Parents need to explain their reasons clearly, but also make it clear that they are not going to continue to discuss them. Continued explanation quickly becomes discussion. Discussion will not help to get the child to comply. Discussion suggests a compromise which is impossible in key areas. Any compromise that moves a child closer to a childish goal will move them away from safety and their long-term best interest. In the key areas any compromise will encourage them to immediately seek a further compromise. Parents with ‘badly’ behaved children have this same parenting principle demonstrated to them countless times every day for weeks and months and years, yet they still fail to grasp it.

They fail to grasp that obstinate children will never understand why they have to be disappointed while parents allow continued discussion about it. It is the discussion itself that makes it impossible for children to accept their decisions. No obstinate child, in the middle of fighting for what he or she wants, will ever be persuaded of the importance their ‘not’ getting what they want. Children are children and are entitled to a childish view of what is important. When they show that they are not going to be convinced, we need to accept it quickly. We need to stop attempting to change their view. If we allow continuing discussion, it will provide the child with false hope and lots of rewarding attention.

The sad truth is that a categorical becomes less categorical the more we speak about it. The verbal battleground is a no-win area for parents. Talk is the child’s main way to avoid compliance. For a child it is victory enough to still be talking and for the parent not to have noticed how rude they are being. Parents cannot take part in these verbal battle grounds and win.

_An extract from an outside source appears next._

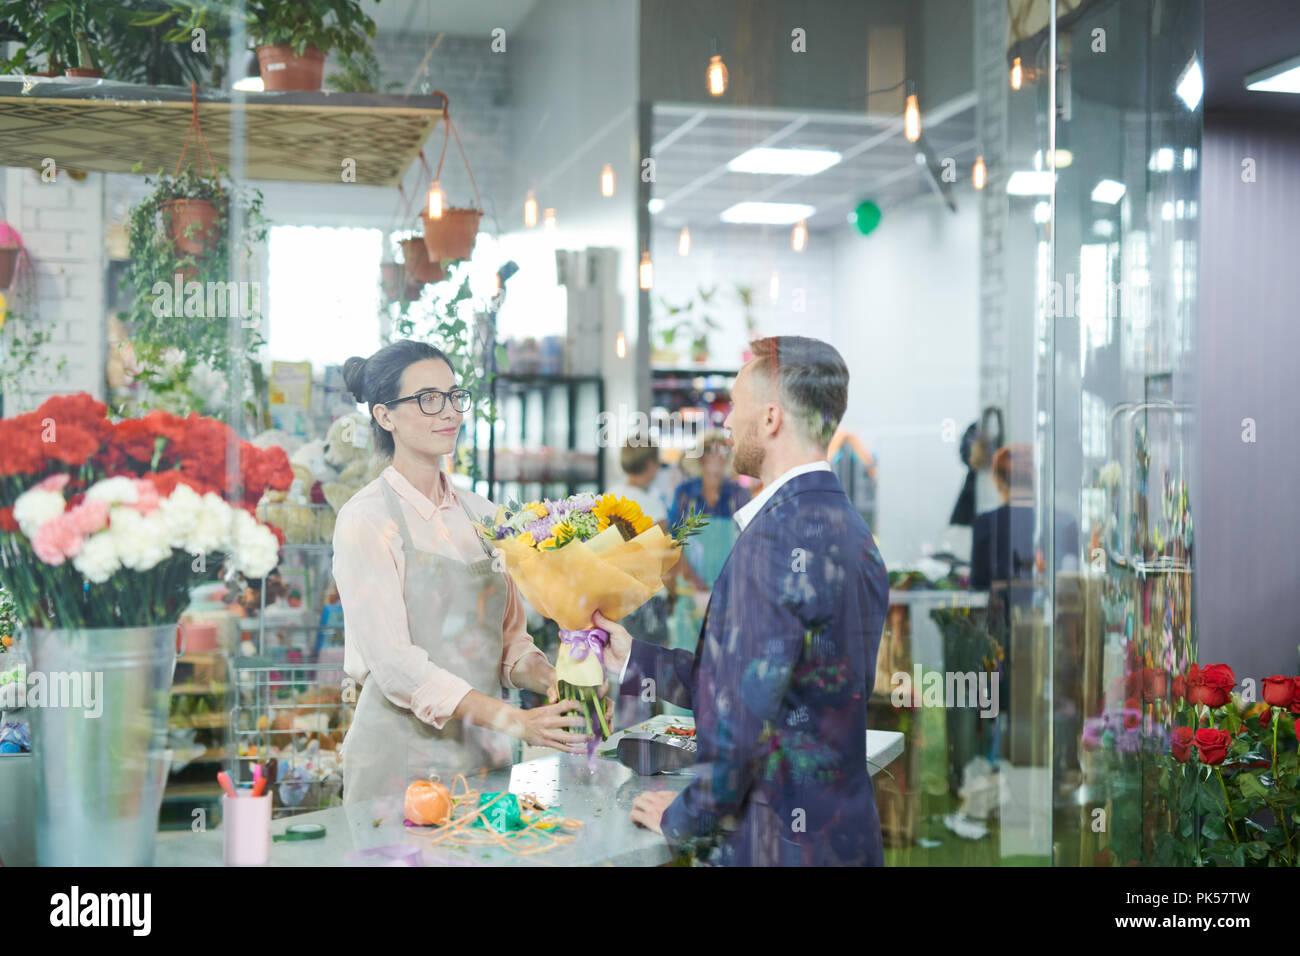 Cliente que compra flores Imagen De Stock
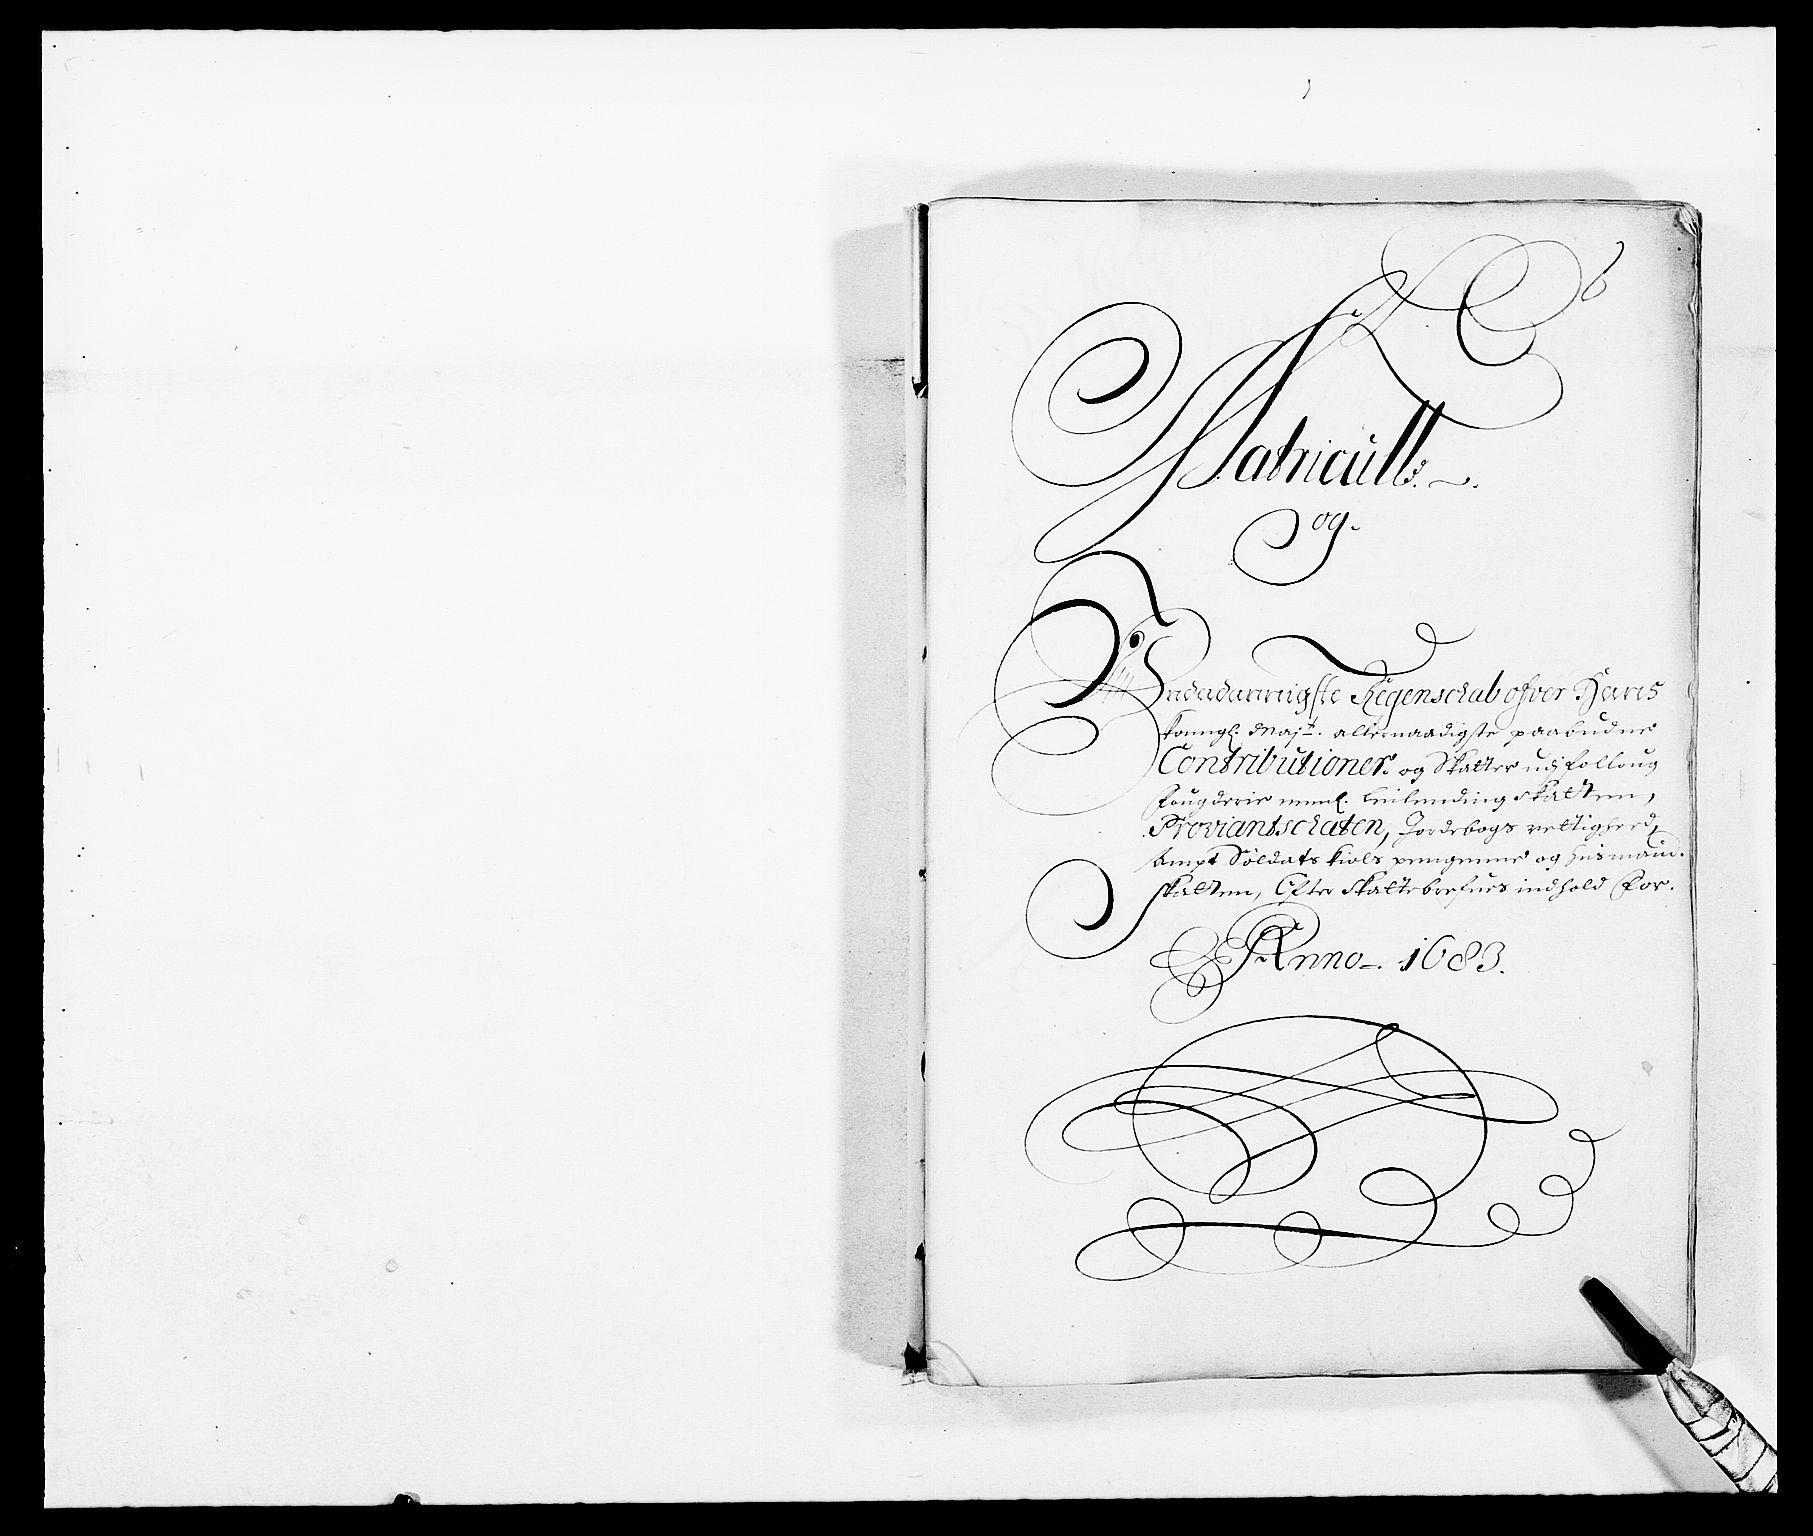 RA, Rentekammeret inntil 1814, Reviderte regnskaper, Fogderegnskap, R09/L0430: Fogderegnskap Follo, 1682-1683, s. 254

Obstinate children do not accept the moral reason for change and then change. They need to first accept the fait accompli and only then they will begin to accept the reasons for it. They need the objectivity of no longer being in a battle. They are children very much based in ‘now’ all attempts at using words to instil a moral sense about behaviour they are already enacting or get them to worry about the future are doomed to fail. When I speak to audiences of parents with seriously misbehaving children, I often ask them if they continue with their verbal battles because one day they want to hear their child say:

“Oh yes, Dad [or Mum], now I see what you are trying to tell me. You want me to do so and so … I’m so sorry I did not understand you before, but now I see what you mean! Of course I will do it now.”

I say this and the response is always the same: the parents laugh. It is laughable. There is no way that children in continual dispute with their parents are ever going to say or do this. Children never, ever, say this, even after years of argument and explanation, and the laughter shows that the parents know it. For months and years these parents have tried asking their children, reasoning with them, nagging them, telling them and shouting at them, only to be met with being ignored, being interrupted, rudeness, back-talking, and even louder shouting. They cannot continue to think that, miraculously, the hundredth or thousandth time the talk will sink in. I do not advise parents not to explain: I advise them to stop when it becomes clear that it is not working. Parents think they are explaining a decision they have made, but the child, not unreasonably, thinks the discussion is about whether the decision should be made or not. Every moment that parents spend in prolonged discussion about a categorical decision it becomes less and less categorical. All this counterproductive nagging, reasoning, asking, interrupting, telling cannot continue without the parents’ active participation. Parents do more than just waste their time – they reward and perpetuate increasingly defiant behaviour. They aim to convince the child of the rightness of their decision; however, all they actually do is convince the child that the decision has not yet been made; they convince the child that their parents are in a perpetual state of indecision, and are still making up their minds.